Show quoted text> > I don't know how to proceed. It would be easy to add a statement
> > akin to "if this is Term::ReadLine, I'm scanning, don't pick up any
> > Tk dependencies!", but that's a bad hack stacked on top of another.
> > I would hope Audrey could chime in on this.
>
> For this particular case, I'd be happy if I could override the
> inclusion of Tk. Unfortunately, the command line switch -X Tk does not
> have this effect.
>
> Either Module::ScanDeps or PAR needs a more extensive way to control
> what gets included (and excluded) anyway. PAR.yaml, maybe?
Hmm. I was going to suggest -X Tk. Perhaps -X Tk actually excludes it
but not its dependencies (which are found to be Tk::*)? I just checked
it and that seems to be the case. Why? My hunch is that pp's -X excludes
a specific module *after* the scanning has taken place. That means: The
tree generated while scanning isn't pruned while scanning but a node is
removed afterwards. I agree that this is the wrong behaviour. I am
unsure how difficult it would be to implement the (more) correct
behaviour. For the lack of time, I can't do it now. I cannot make any
promises either.
In general, though it won't help here, you can put any series of command
line arguments into a text file and do
pp @textfile
to use it as the source for parameters if the list is too long.
Show quoted text> BTW: Are there any known quirks with the processing of INIT blocks?

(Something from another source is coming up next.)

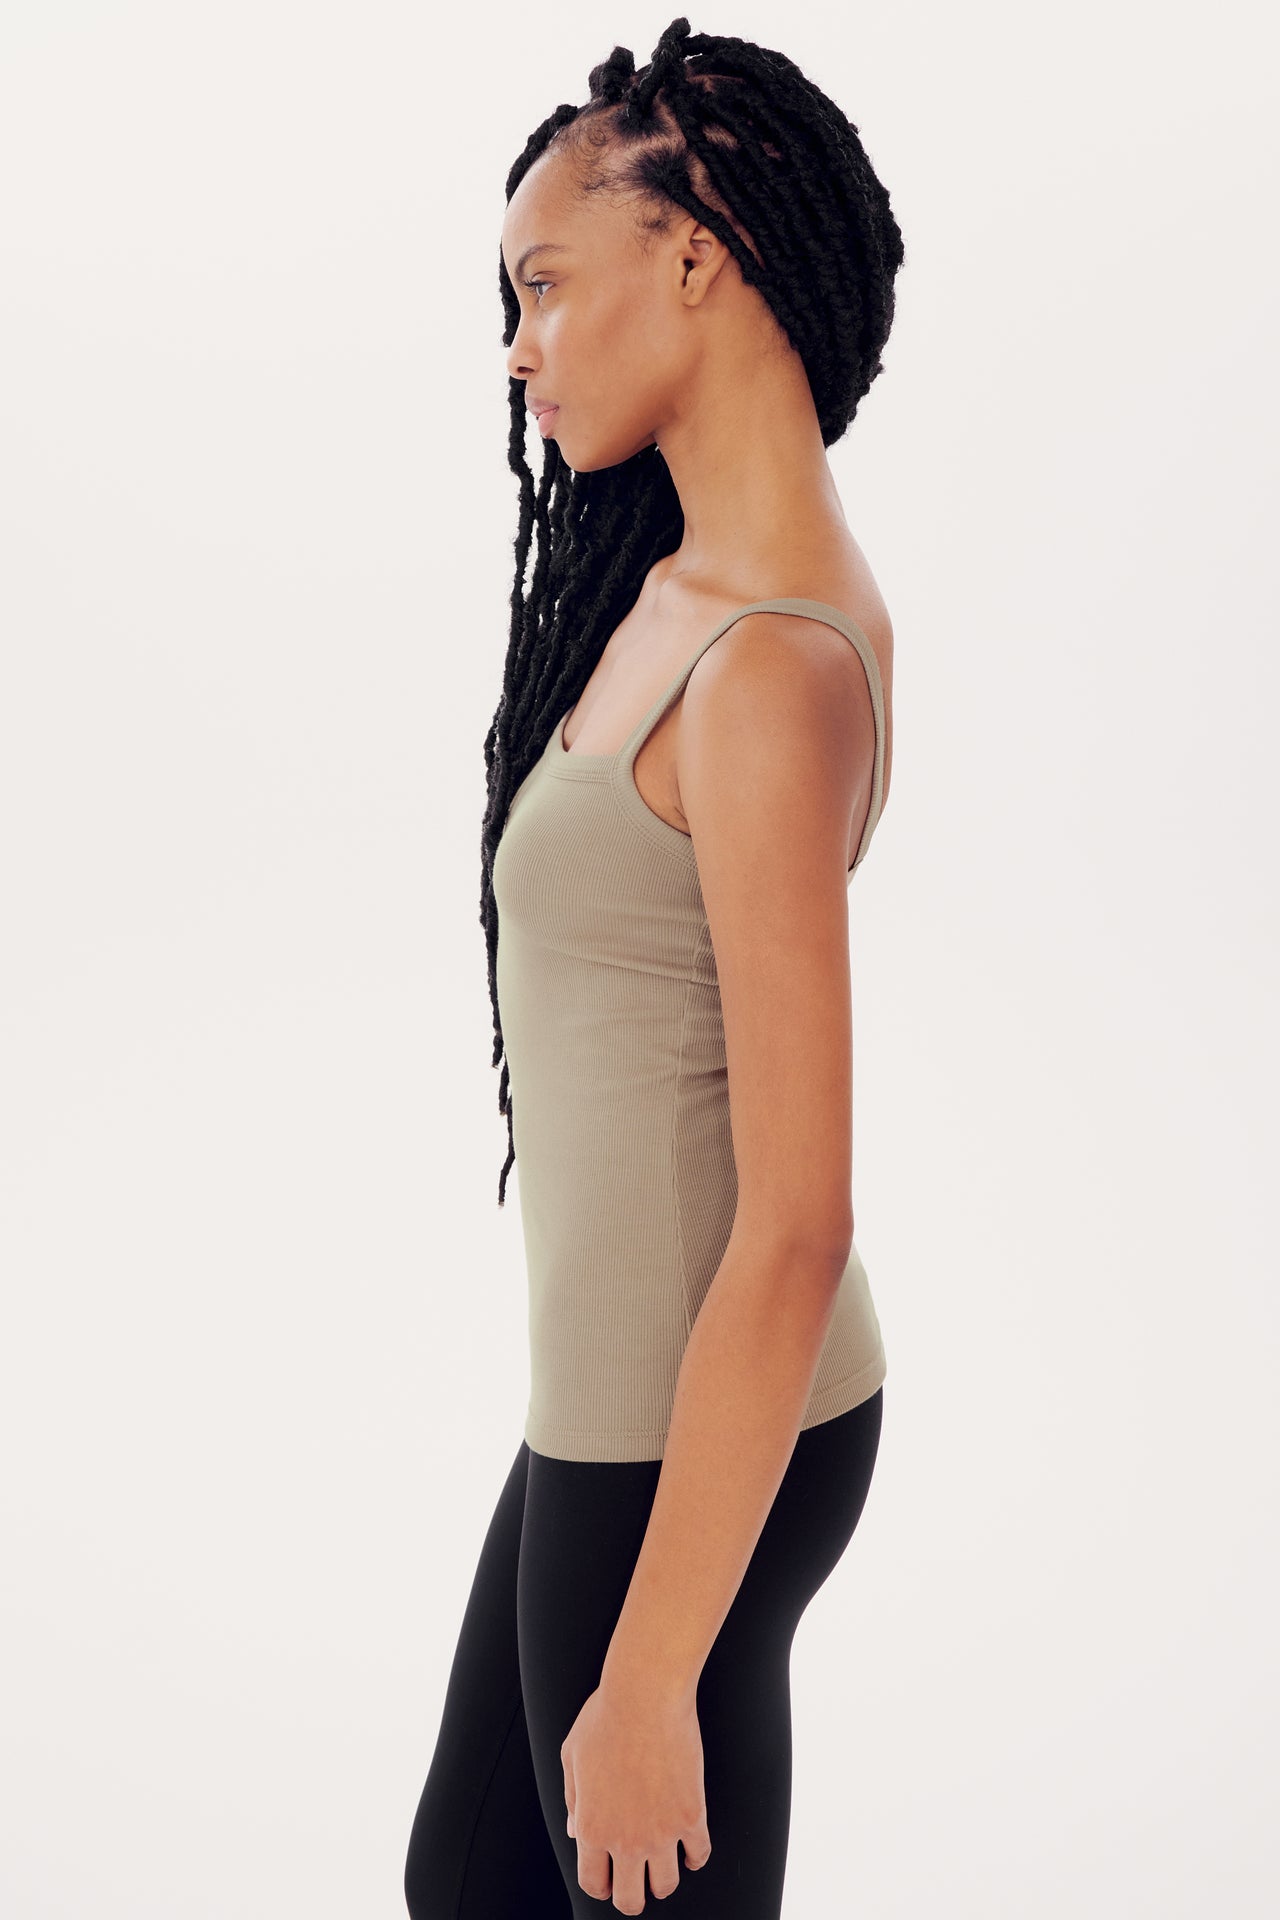 Side profile of a young woman with long braids wearing a Romy Rib Tank in Latte by SPLITS59 with a square neckline and leggings, standing against a white background.

I
> have an app that loads a particular module and starts the main code.
> When run, it show the following debugging messages:
>
> == (module BEGIN block execute)
> == (module code execures)
> == (module INIT block executes)
> ... application runs ...
>
> However, when PARred, I get:
>
> == (module BEGIN block execute)
> == (module code execures)
> ... application runs ...
> == (module INIT block executes)
>
> It's a big application so it is not easy to track this down. But maybe
> there are some known issues that can help me finding (and fixing) it.
IIRC, this is absolutely an issue. Have a look at the TODO list,
specifically the last item of the original list:
http://par.wikia.com/wiki/DevelopmentInProgress
It talks about check blocks, but IIRC, that applies to INIT blocks as
well. I do not claim to understand the issue, though. You will have to
try to get Audrey involved for that.
I have been bitten by this before. I think some of the attribute modules
use check/init blocks. Good luck tracking it down!
Show quoted text> BTW2: (Sorry, can't stop) I always install modules in a private
> library. But despite my CPAN::MyConfig settings PAR insists on writing
> to the system perl library. Is this a Module::Install versus MakeMaker
> thing? I'd be willing to make an issue for it, but I'd like to check
> it first.
Perhaps the Module::Install auto-install feature does that? I.e. it asks
whether it should install Module::Foo now (before PAR) because it's
missing for feature Bar? If you say yes to that, it's outside CPAN
because it's done by the bundled Module::Install. I think that is the issue.
Adam Kennedy has been hacking on the PAR Makefile.PL a bit to remove the
M::I auto-installation and feature stuff in favour of a sane build
process. I would hope this last problem goes away when that is released.